DATA RECORDS section start

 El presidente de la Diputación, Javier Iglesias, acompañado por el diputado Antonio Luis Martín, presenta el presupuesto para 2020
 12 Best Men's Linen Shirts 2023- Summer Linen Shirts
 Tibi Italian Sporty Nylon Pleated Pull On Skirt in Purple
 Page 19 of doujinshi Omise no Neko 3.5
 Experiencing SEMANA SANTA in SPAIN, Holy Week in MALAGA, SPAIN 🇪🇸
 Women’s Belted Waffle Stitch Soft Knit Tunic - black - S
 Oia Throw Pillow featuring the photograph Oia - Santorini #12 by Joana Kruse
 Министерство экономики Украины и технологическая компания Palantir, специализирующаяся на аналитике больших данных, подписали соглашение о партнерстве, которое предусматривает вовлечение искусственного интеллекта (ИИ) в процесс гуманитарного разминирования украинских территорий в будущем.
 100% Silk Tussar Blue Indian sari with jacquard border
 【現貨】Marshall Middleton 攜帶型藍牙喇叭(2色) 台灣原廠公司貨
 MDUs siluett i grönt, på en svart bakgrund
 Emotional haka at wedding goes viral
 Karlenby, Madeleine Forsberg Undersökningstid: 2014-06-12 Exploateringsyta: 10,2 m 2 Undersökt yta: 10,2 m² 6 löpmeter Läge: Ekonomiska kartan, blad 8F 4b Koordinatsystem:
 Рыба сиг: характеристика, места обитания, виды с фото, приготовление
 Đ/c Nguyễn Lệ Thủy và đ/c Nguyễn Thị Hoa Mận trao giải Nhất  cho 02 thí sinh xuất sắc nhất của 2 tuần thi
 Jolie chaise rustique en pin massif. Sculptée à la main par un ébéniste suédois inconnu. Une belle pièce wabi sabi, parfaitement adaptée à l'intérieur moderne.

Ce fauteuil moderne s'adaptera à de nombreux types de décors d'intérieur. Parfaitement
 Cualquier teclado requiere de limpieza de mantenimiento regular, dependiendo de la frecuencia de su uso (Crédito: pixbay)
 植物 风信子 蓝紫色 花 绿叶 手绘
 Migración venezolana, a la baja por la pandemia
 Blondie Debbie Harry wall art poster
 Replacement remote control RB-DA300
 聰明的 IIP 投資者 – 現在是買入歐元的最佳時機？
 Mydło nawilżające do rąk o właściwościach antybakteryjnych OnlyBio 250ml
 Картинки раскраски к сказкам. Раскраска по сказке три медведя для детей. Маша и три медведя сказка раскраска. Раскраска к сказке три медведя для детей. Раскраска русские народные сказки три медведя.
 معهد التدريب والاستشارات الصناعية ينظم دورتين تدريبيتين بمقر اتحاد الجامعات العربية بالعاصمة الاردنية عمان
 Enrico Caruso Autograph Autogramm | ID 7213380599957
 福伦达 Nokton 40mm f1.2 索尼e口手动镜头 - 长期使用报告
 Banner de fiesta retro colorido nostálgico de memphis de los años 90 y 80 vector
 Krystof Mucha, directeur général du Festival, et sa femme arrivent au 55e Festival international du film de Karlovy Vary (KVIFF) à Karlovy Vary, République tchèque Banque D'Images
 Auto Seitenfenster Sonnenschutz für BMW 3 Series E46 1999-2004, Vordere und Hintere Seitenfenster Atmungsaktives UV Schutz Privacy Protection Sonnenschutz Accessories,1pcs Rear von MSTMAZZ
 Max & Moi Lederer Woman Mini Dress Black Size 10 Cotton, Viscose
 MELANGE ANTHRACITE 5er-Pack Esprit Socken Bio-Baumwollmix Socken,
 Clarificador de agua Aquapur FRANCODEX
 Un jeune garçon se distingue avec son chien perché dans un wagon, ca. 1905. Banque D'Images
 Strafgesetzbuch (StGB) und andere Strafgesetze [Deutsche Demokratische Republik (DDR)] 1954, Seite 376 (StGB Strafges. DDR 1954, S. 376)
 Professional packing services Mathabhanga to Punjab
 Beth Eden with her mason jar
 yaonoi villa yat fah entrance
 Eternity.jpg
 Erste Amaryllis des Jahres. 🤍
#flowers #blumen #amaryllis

DATA RECORDS section end

- THE TASK
Copy exactly the line that contains "Erste Amaryllis des Jahres. 🤍" and every line after it through the end of the entries, with nothing added.

- RESULT FOR THIS TASK
 Erste Amaryllis des Jahres. 🤍
#flowers #blumen #amaryllis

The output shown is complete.